Recorded data »
········

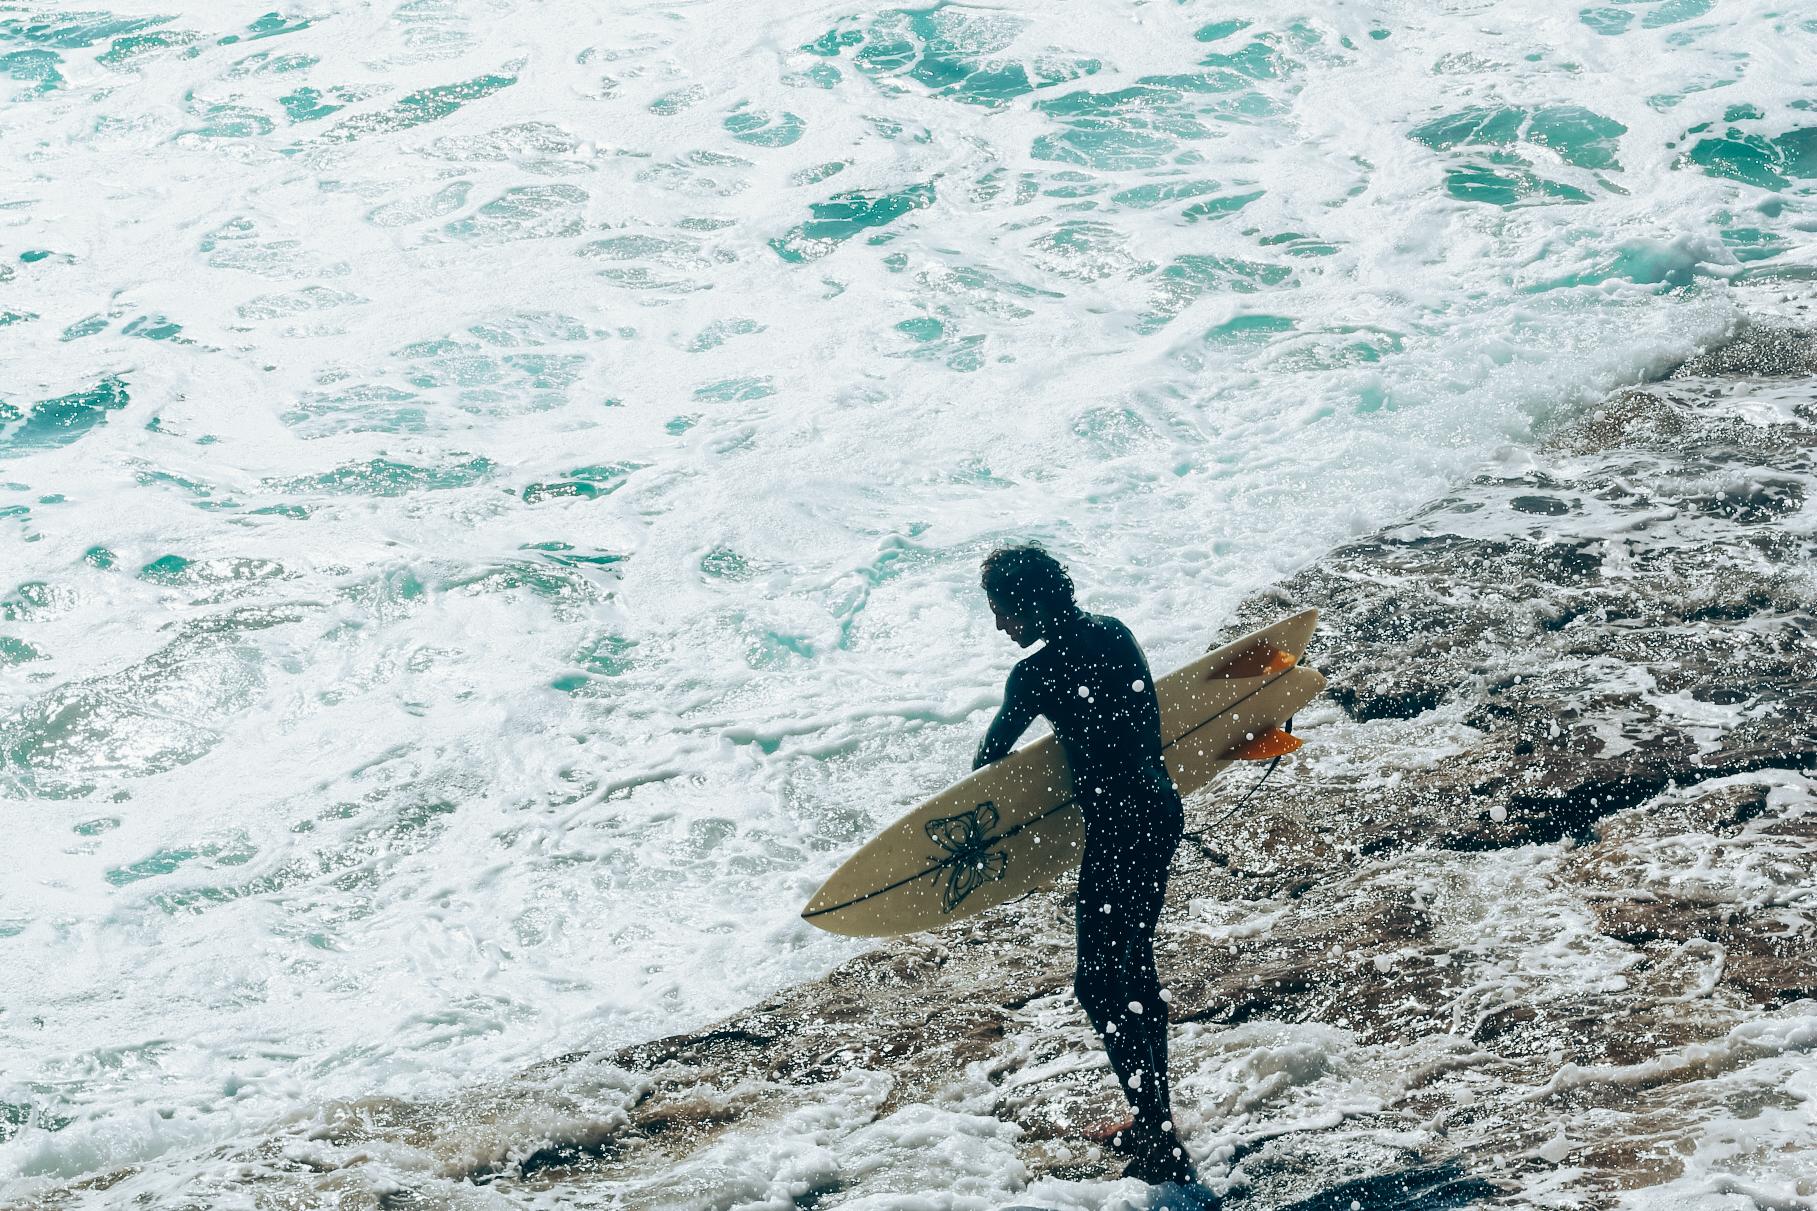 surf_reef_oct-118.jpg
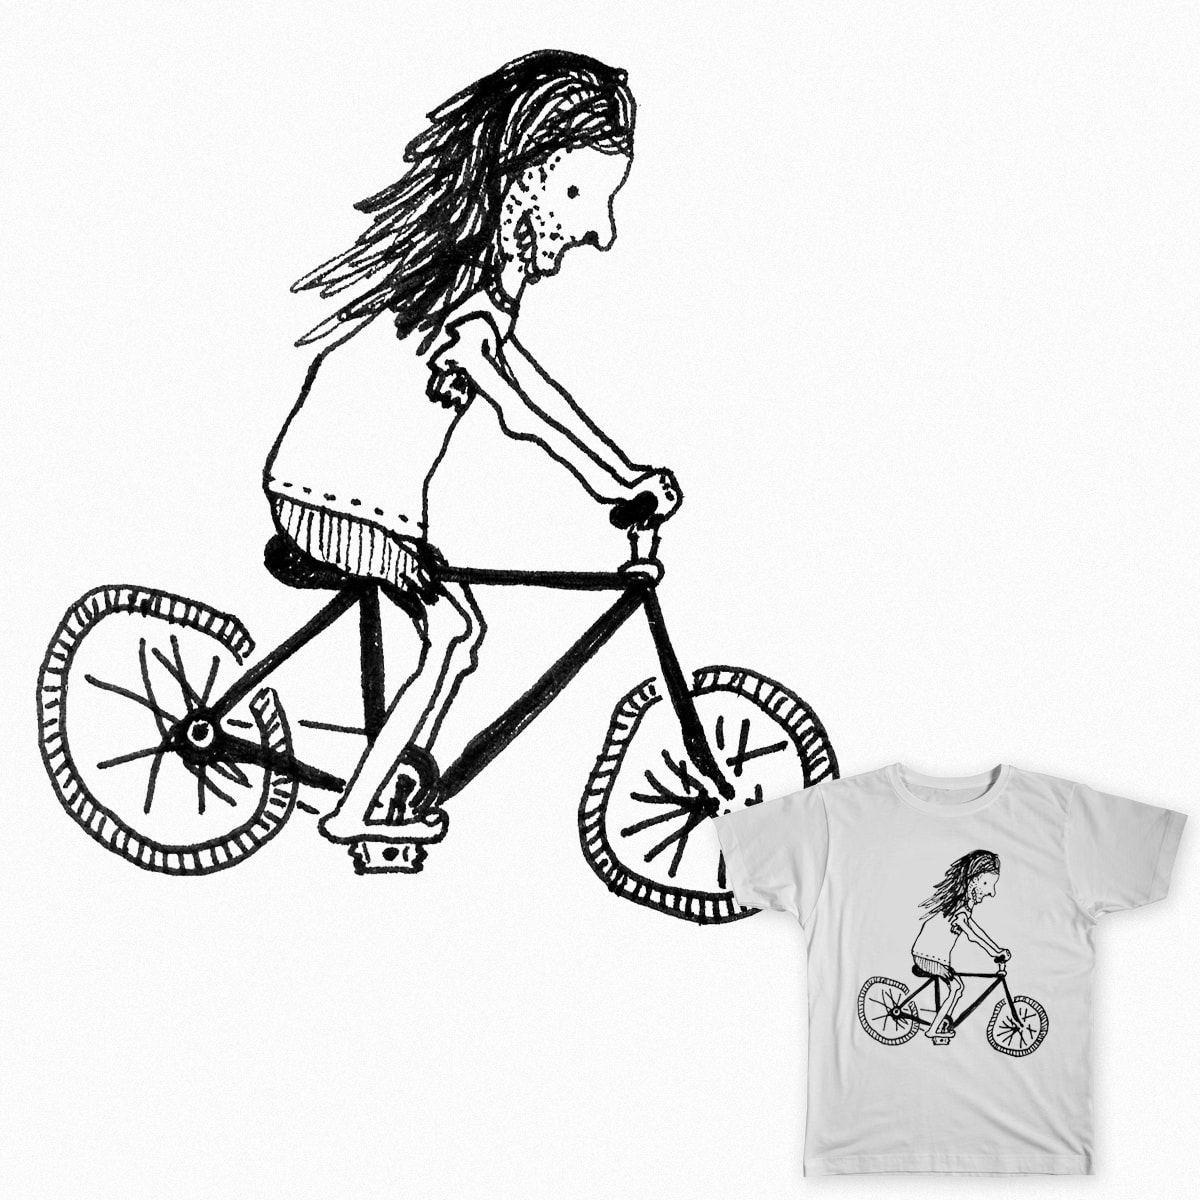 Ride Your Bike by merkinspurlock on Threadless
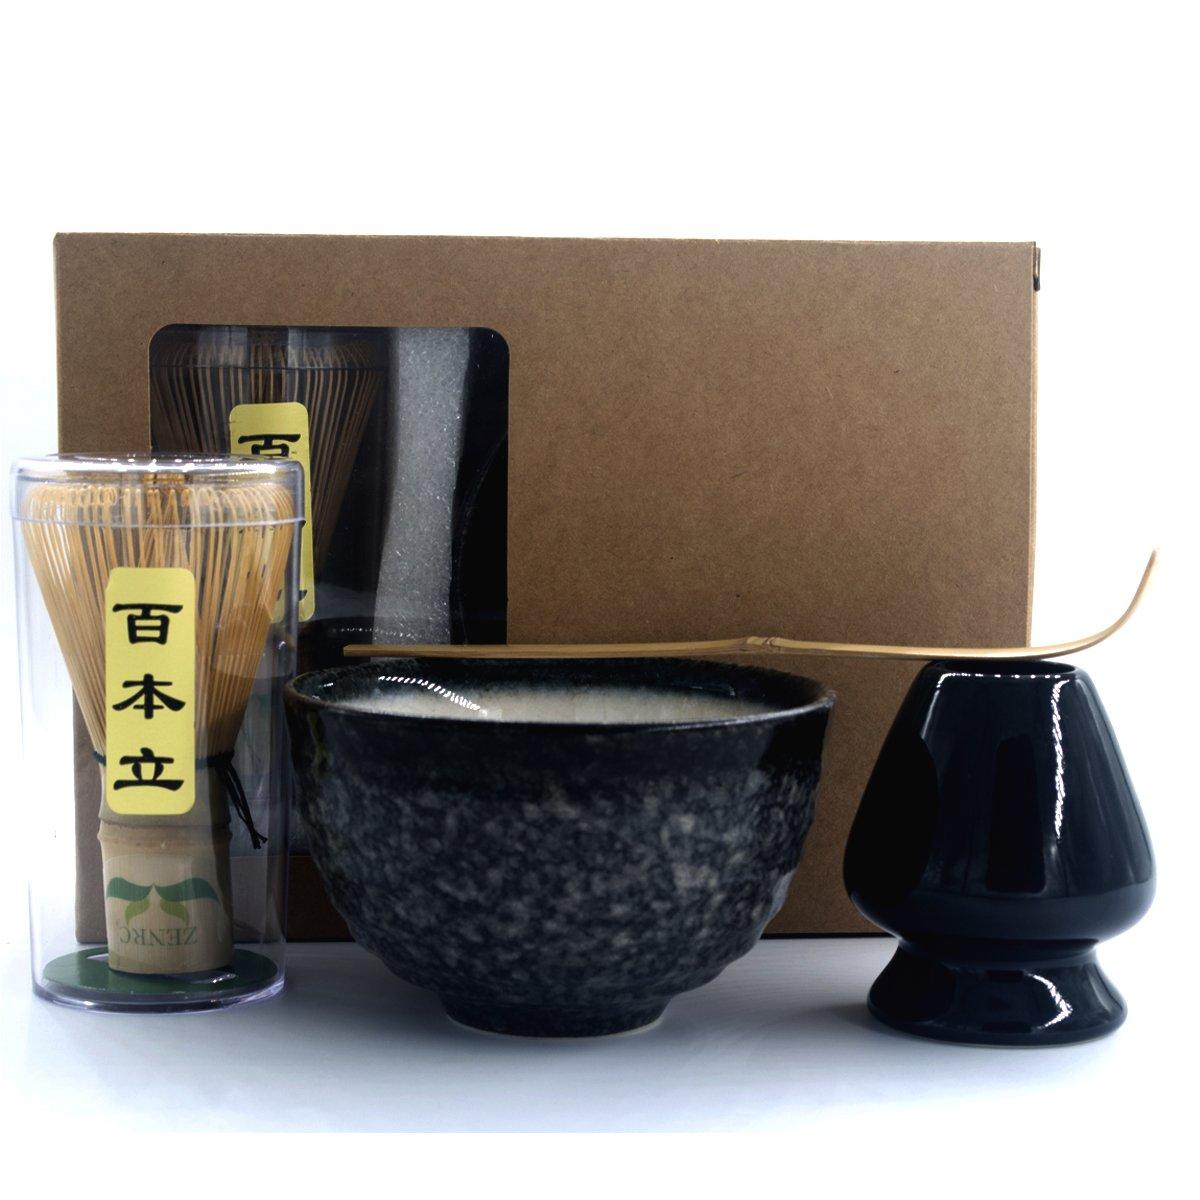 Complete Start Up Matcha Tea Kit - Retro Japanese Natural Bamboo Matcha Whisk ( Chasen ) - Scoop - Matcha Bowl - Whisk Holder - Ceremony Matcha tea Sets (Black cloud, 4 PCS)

········

What to work on » Transcribe exactly the line that contains "Ride Your Bike" and each line after it through the end of the listing. Leave out the pictures.

Output below »
 Ride Your Bike by merkinspurlock on Threadless
 Complete Start Up Matcha Tea Kit - Retro Japanese Natural Bamboo Matcha Whisk ( Chasen ) - Scoop - Matcha Bowl - Whisk Holder - Ceremony Matcha tea Sets (Black cloud, 4 PCS)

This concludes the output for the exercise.